A SOW will be a crucial document that is part of any project management process. In this article, you will discover why you should use a SOW, the purpose, the common types of SOW documents and how a SOW can ensure that your project does run smoothly.
Purpose Of The Statement Of Work
A SOW or a statement of work is not a doc that’s just relevant to big businesses. Instead, this doc can be useful for any business that is completing a project for a client. The purpose of a SOW is to clearly detail the how, when, what, why and who of the work that will be completed for a client. While commonly used by consulting disciplines as well as management, they can be beneficial to a wide range of different services in various industries.
It is worth noting that a statement of work will typically include work activities, deliverables, and timelines for a specific type of project. The SOW should also include the purpose as well as the scope of the work. The purpose is particularly important as these are basically the objectives of a project, what you want to achieve and how the level of achievement will be assessed. The main purpose is to ensure that responsibilities, liabilities and work agreements for two parties are clearly defined.
Why Should You Use A Sow And How Can It Keep Things Running Smoothly
There are many reasons why you should use a SOW for your project management. As noted, it will set clear expectations for a particular client. It will ensure that everyone knows who is responsible for what and keep people on the same page. You will also be aware of what a client will determine to be ‘good work.’ The benefit here is similar to a personal guarantee on a loan. It is a legally binding document and you are expected to meet any of the requirements written in the SOW.
One of the other benefits of a SOW is that you will be able to state how you will communicate with a client and when. This will provide information on when they will be able to complete revisions. So, you’ll be keeping them as accountable to a particular project as you.
Another great reason to use a SOW is to ensure that you can avoid the issue of scope creep. With scope creep, a client will request more services while failing to increase the timeline or establish a greater budget. With a SOW you will be able to request a greater level of finance for any additional work that is completed on a project. It can also include any work that you are not going to agree to later on.

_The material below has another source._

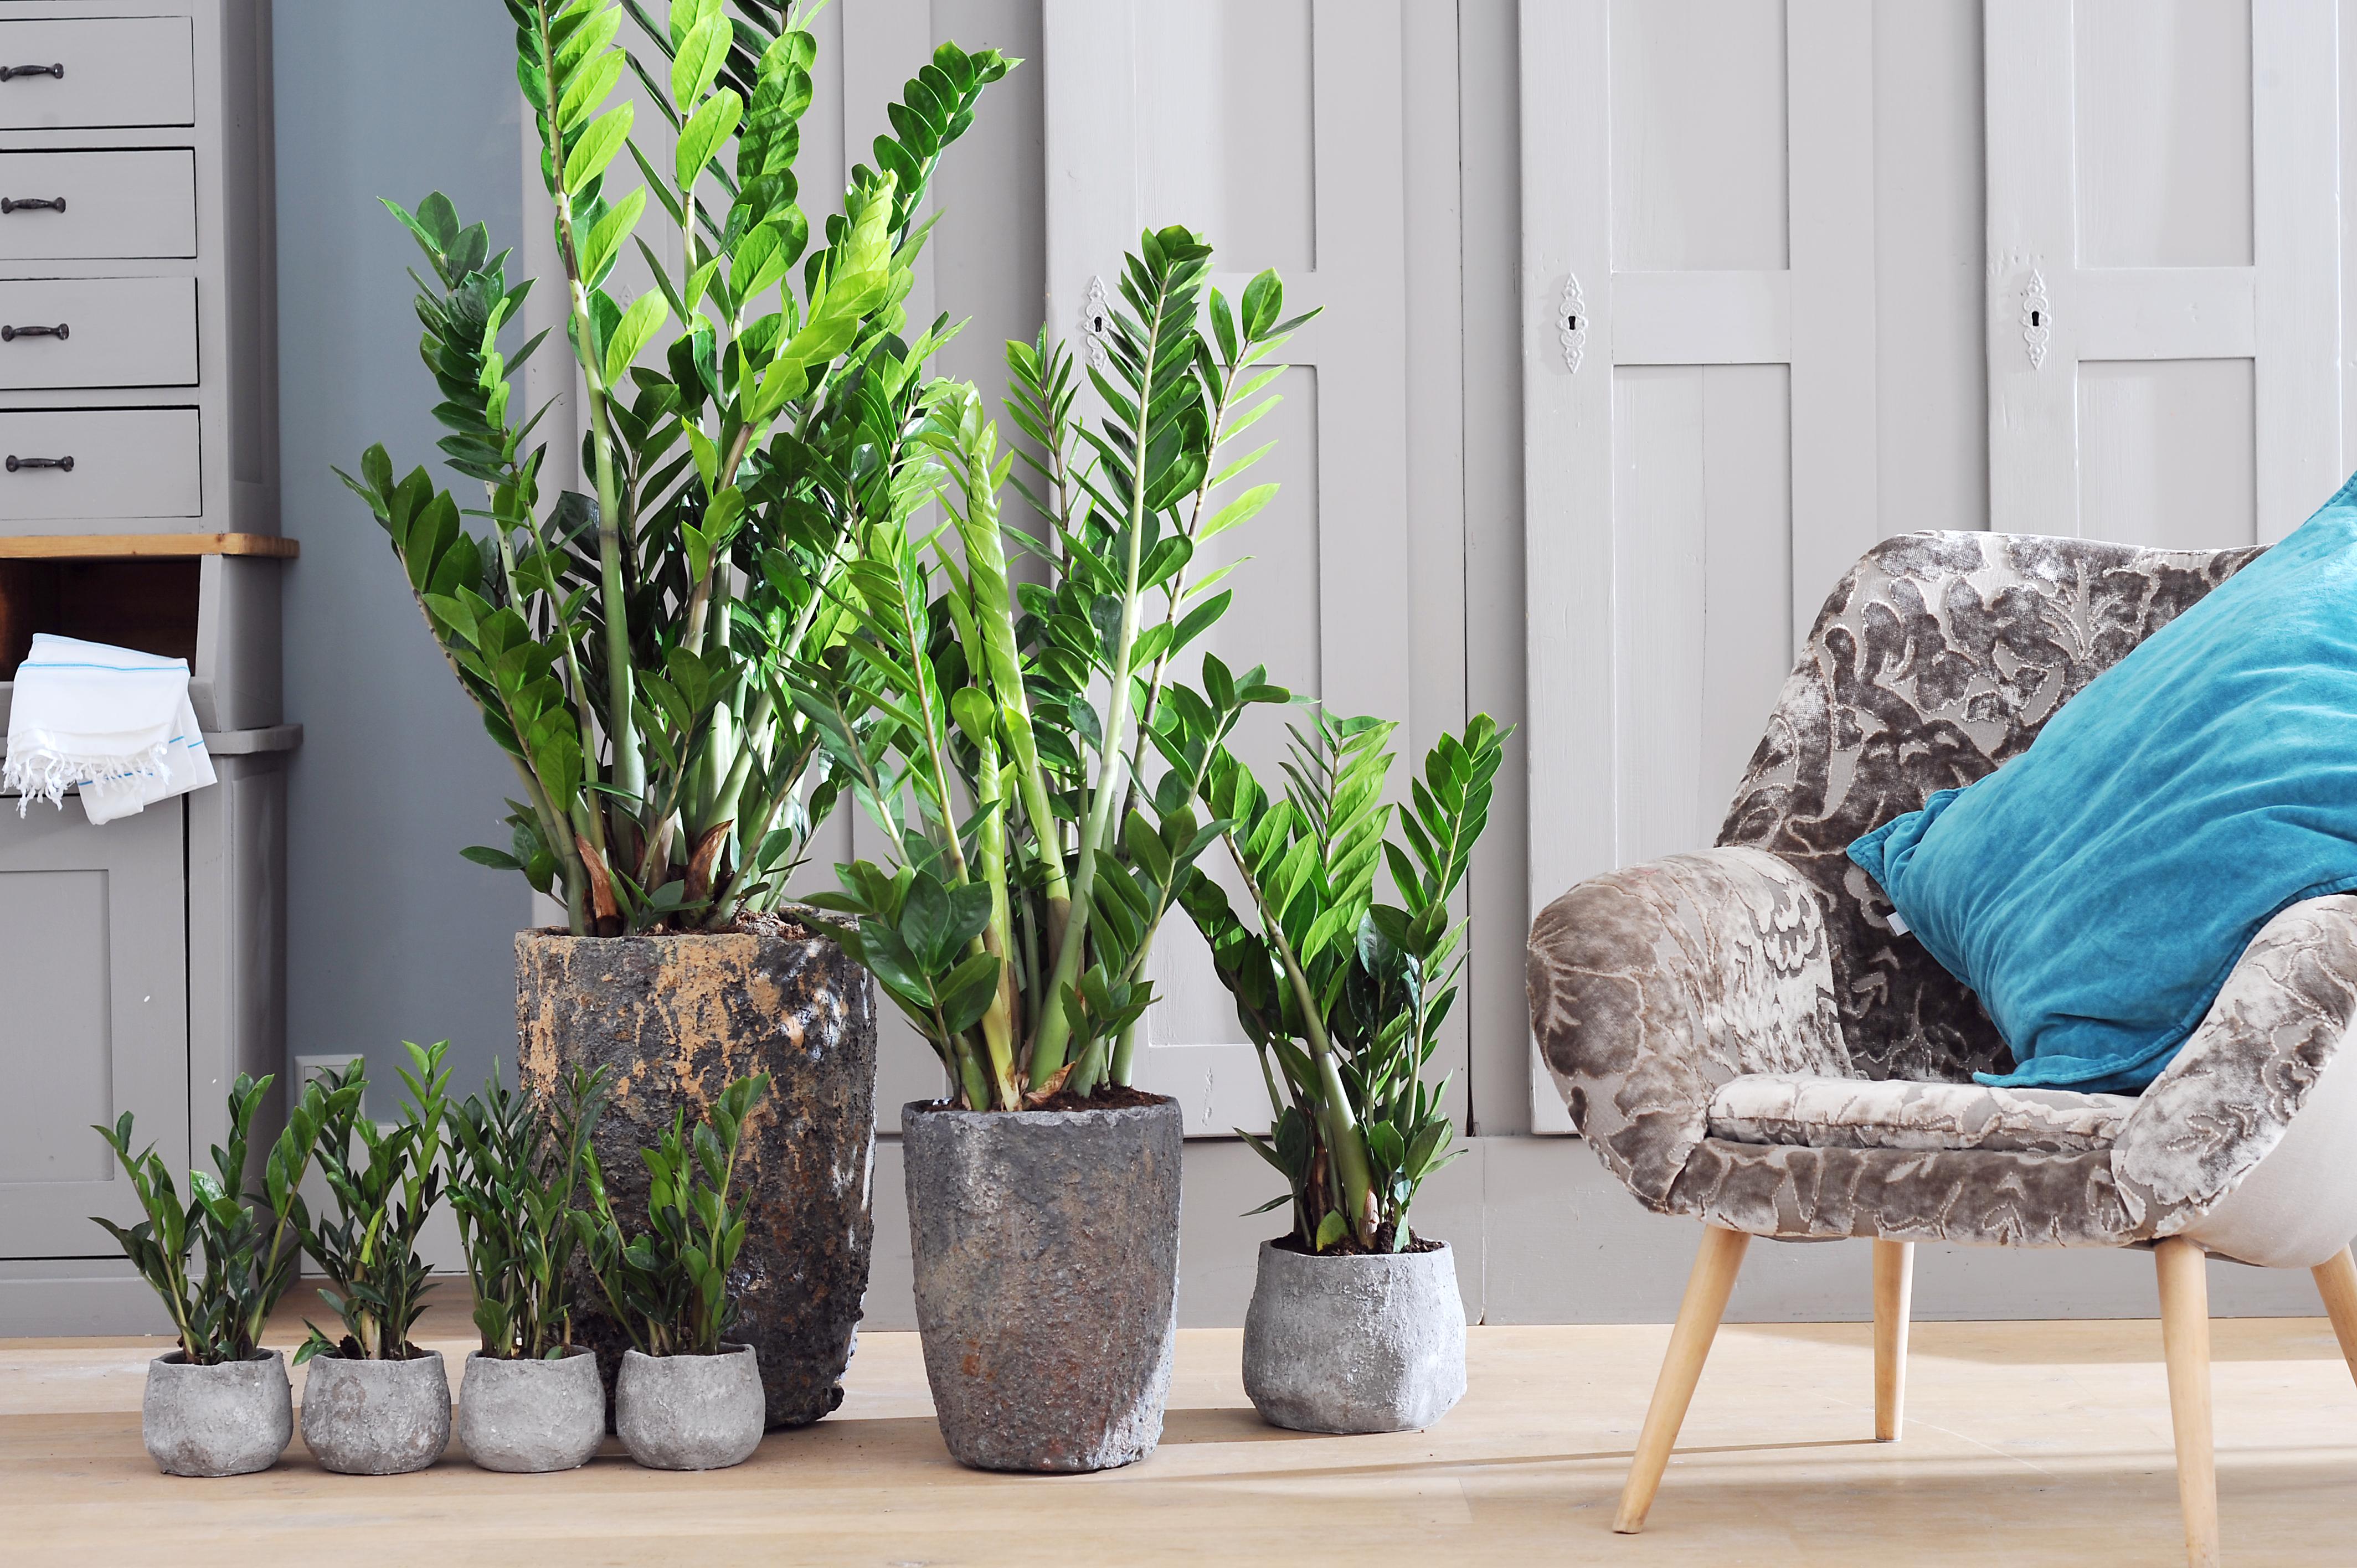 Atemberaubende Dekoration Moderne Wohnzimmer Pflanzen Konzept Zamioculcas ist Zimmerpflanze des Monats September Z wie

Another issue that can plague projects is invoices being unpaid. This is becoming a serious issue for businesses. With A SOW, you can make sure that you do keep clients accountable for payments and specifically for paying on time. The client will be required to sign the SOW, ensuring that it is effectively a contract. So, you’ll be provided with the client’s written agreement to pay for services on time. For this reason, you should make sure that the SOW does include both the payment schedule and specific charges.

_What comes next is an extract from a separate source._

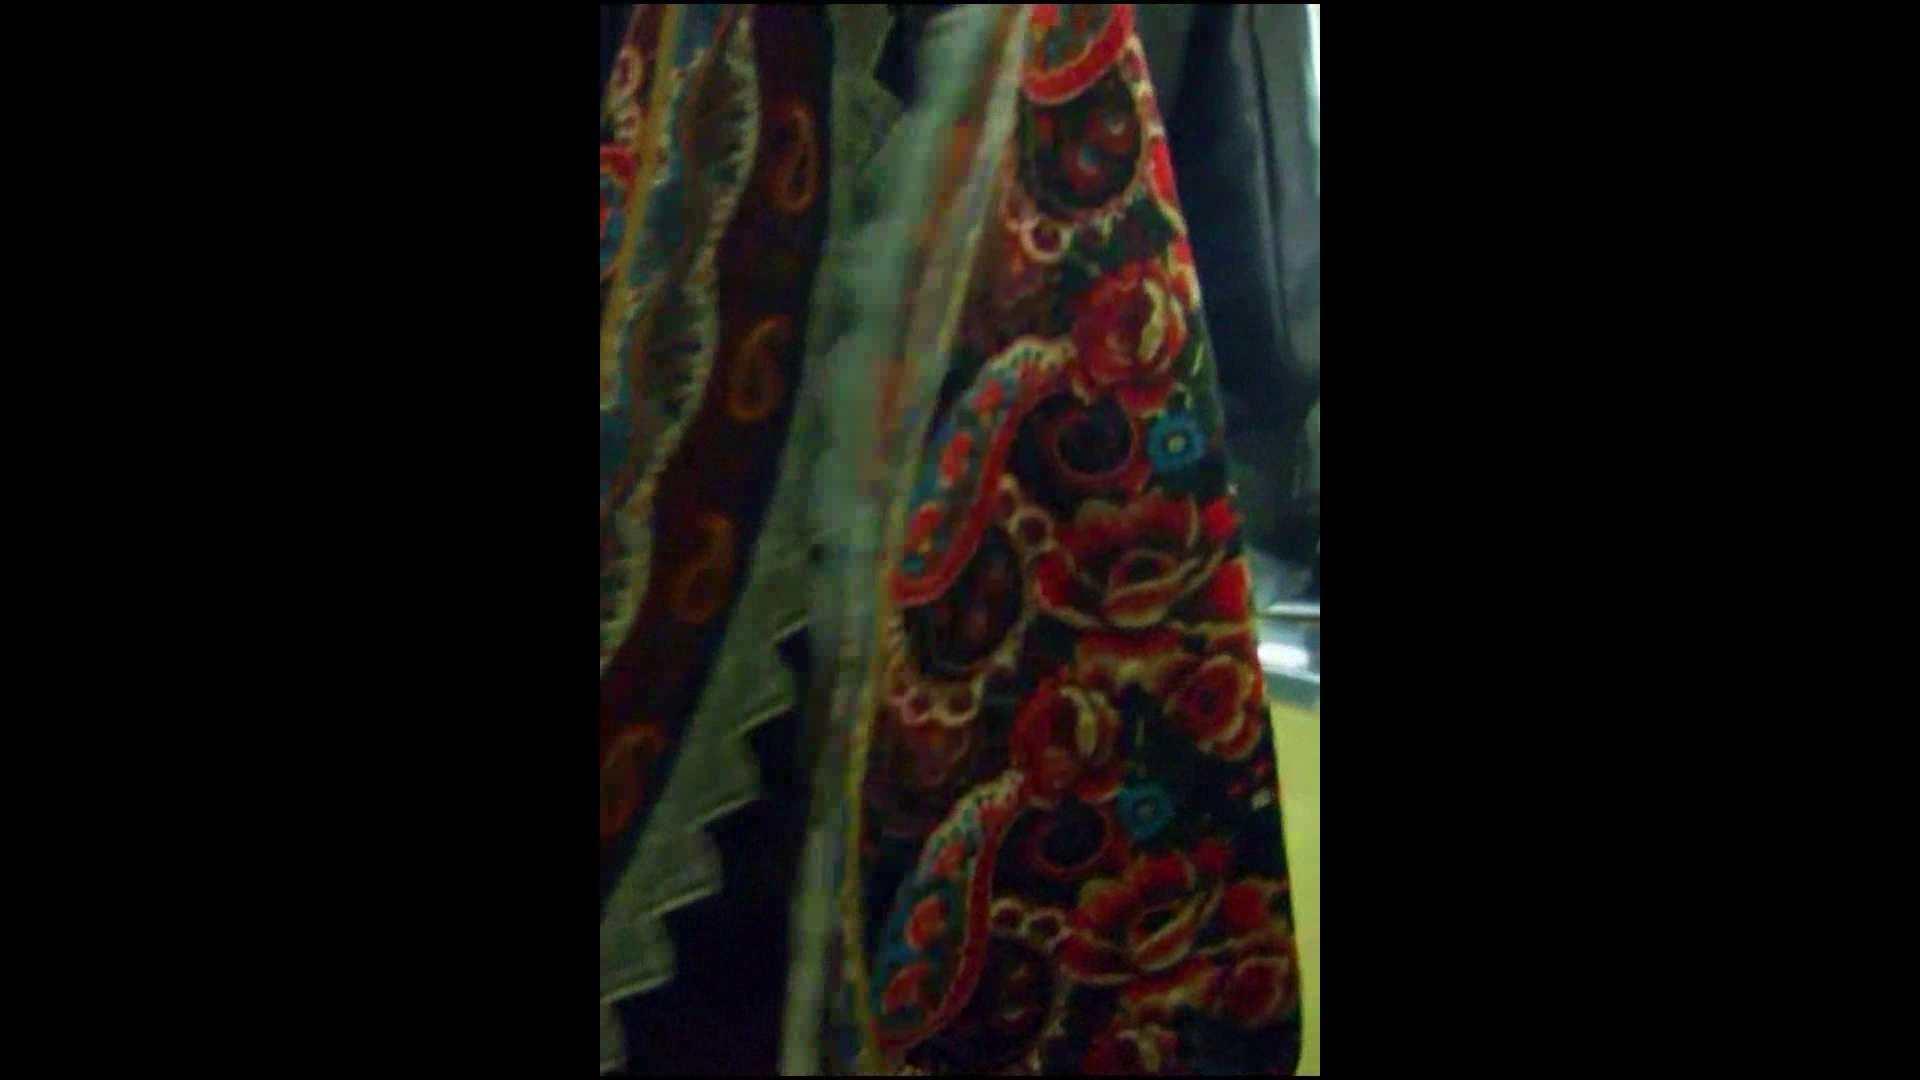 綺麗なモデルさんのスカート捲っちゃおう‼vol05 お姉さんのエロ動画  102PIX 66

Difference Between Scope Of Work And Statement Of Work
Project managers can be confused about the difference between the scope of work and the statement. After all, they are often both referred to as SOW. However, there are notable differences. The statement of work will include the purpose of the project and the description. This is often the document a client will sign to start work for a professional service firm.
A typical comprehensive statement of work will usually include a scope of work. The scope of work is more detailed with organisational charts for the different individuals that are part of the project. It will also include any further resources and equipment or tools that will be required on the project as well.
Common Types Of Sow Documents
Finally, it is worth noting that there are a few different types of SOW and these mainly fall into three different categories. These are:
- Design/Detail Statement of Work
- Level of Effort or Time & Materials or Unite Rate
- Performance-Based Statement Of Work
Each type includes different information. For instance, the Design/detail statement of work provides the supplier information on how to complete the work and provides a definition of buyer requirements.
The second type is useful for virtually any service and the deliverable will typically be an hour of work as well as the materials necessary to complete the service.
The Performance-based statement of work will include all aspects for acquisition based on the purpose of work that will be performed as well as equipment supplied. It does not, however, state how work will be fulfilled.